It's okay, guys. I don't need anyone to comment on my LJ.
I'm just... really down lately. I guess some would say that I feel guilty about lying to my mom about my progress report/ my chem grade/ my math grade/etc., but it's really not that. It's that suddenly I'm all icky and doubtful of myself and of my friends and of my purpose and since I'm soooo not like that it's weird and I'm not used to it, which makes it doubly unpleasant.
Today Heather was, simply, a bitch. I mean, I leave early yesterday. Everyone knows I'm not feeling too hot. Everyone asks me about it, and, to be honest, I expect it. I call on people's birthdays and I ask if they're sick and I expect the same courtesy. And I receive it, generally. But Heather- you know, whose birthday we all spent money on, the one I baked an entire pan of brownies for- barely spoke to me. Because apparently something's back on with her and Vaca.
And it's not that I care about her liking Philly better. I'm so over that. But the not caring? That really, really hurt.
So yeah, me? Not so hot in the friend department lately.
Aside from that, I got placed at a table where the collective average is a C, and this is supposed to help my average.

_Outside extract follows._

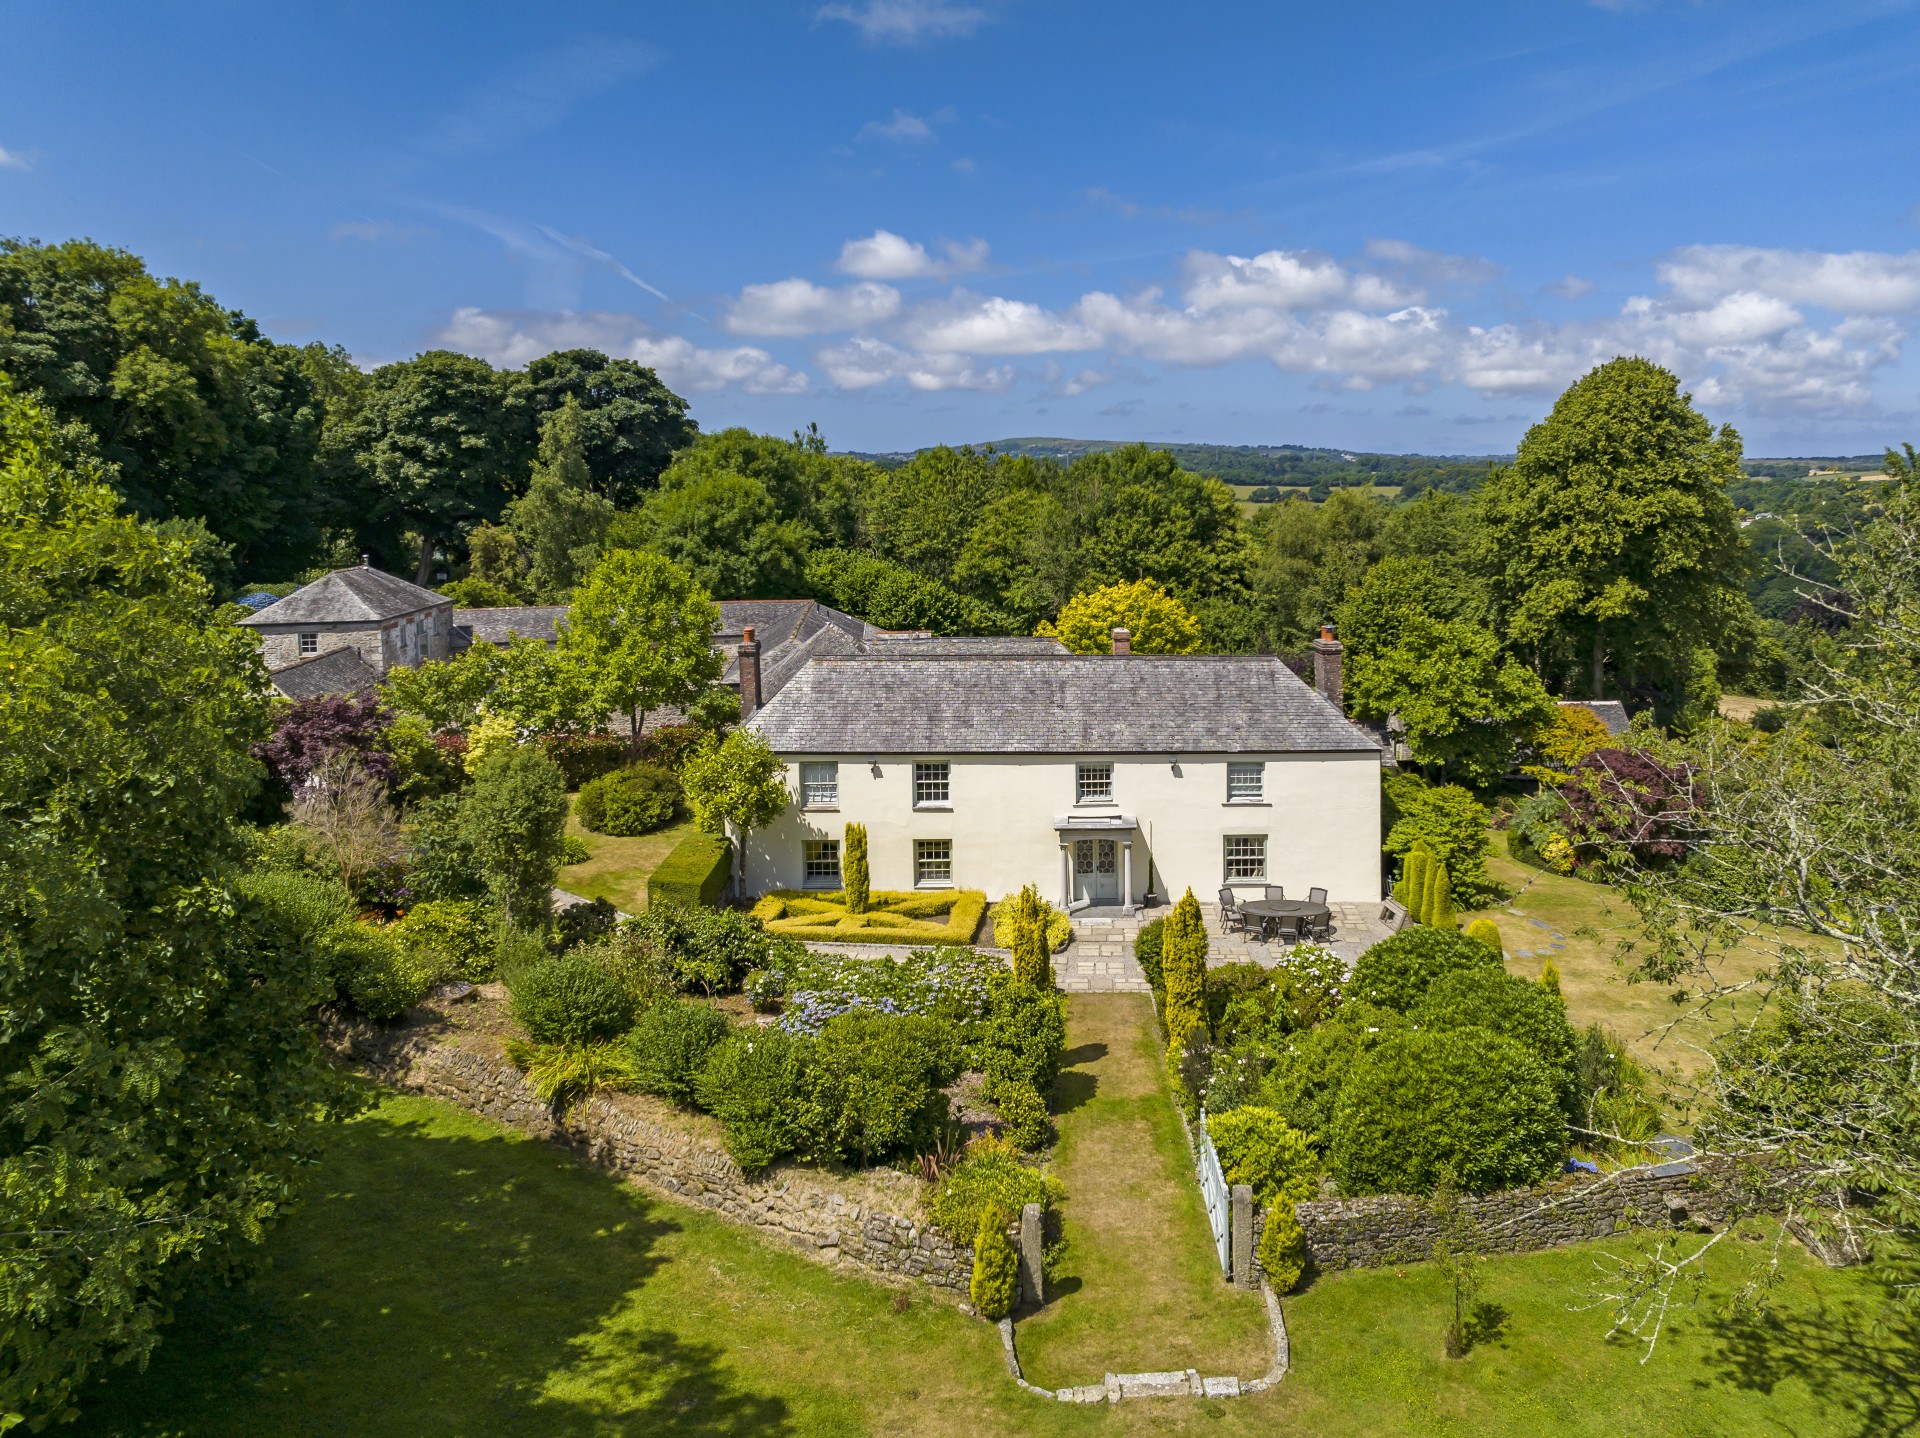 Can’t Decide Between A Dream Home In North Or South Cornwall? This Delightful Mini-Estate Offers The Best Of Both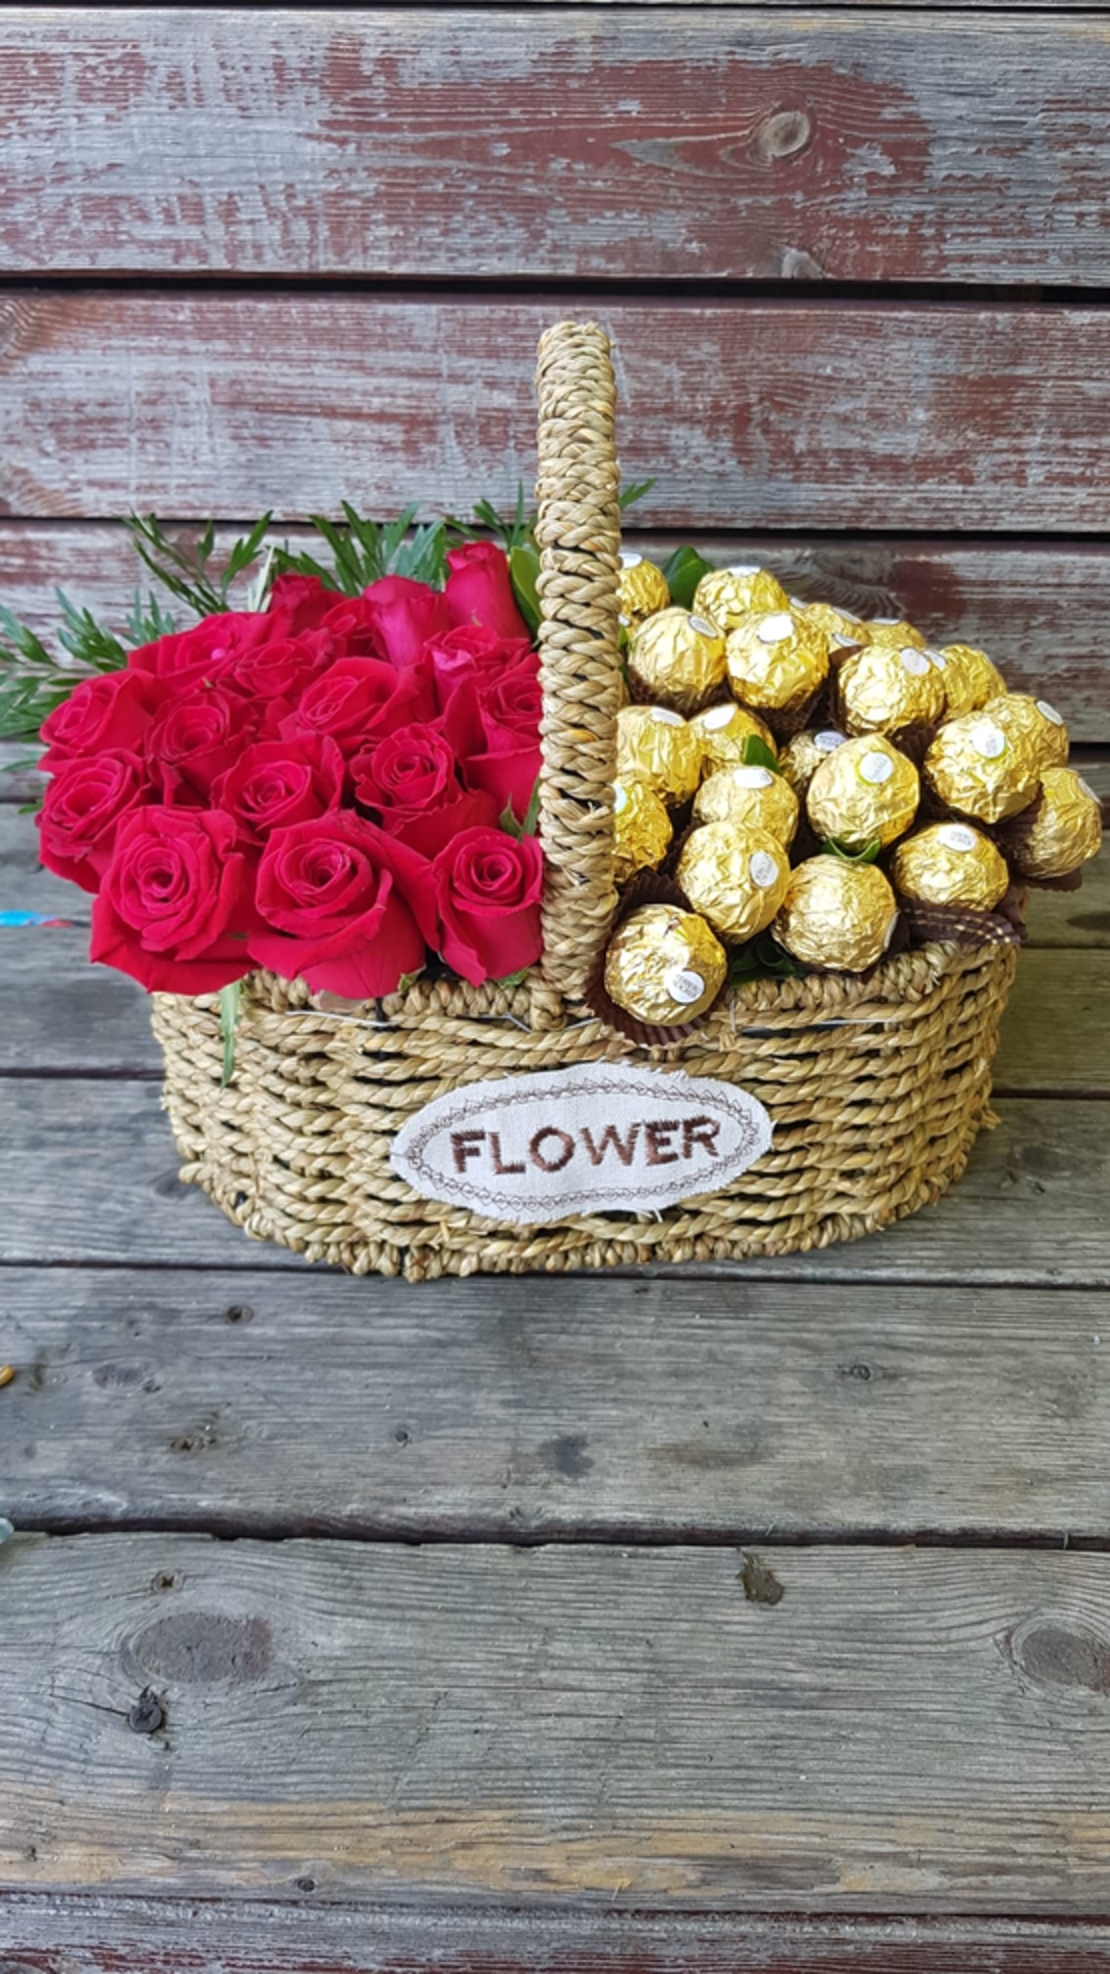 A case of roses and Ferrero Rocher in a basket

And in Khausinau it was fun because Khausinau is a fun class. We read aloud Macbeth and I so can't wait 'til it's my turn to be Lady M. Because she rocks entirely on. And since I read somewhere that if Lena Olin could play any character, she'd choose Lady M, I soooo see SpyMommy when I read it. Which is actually all kinds of cool.
Walked home from the metro today, which was a not so long walk in 97º weather. Which is hot. And now I'm dizzy. And feeling mighty unloved.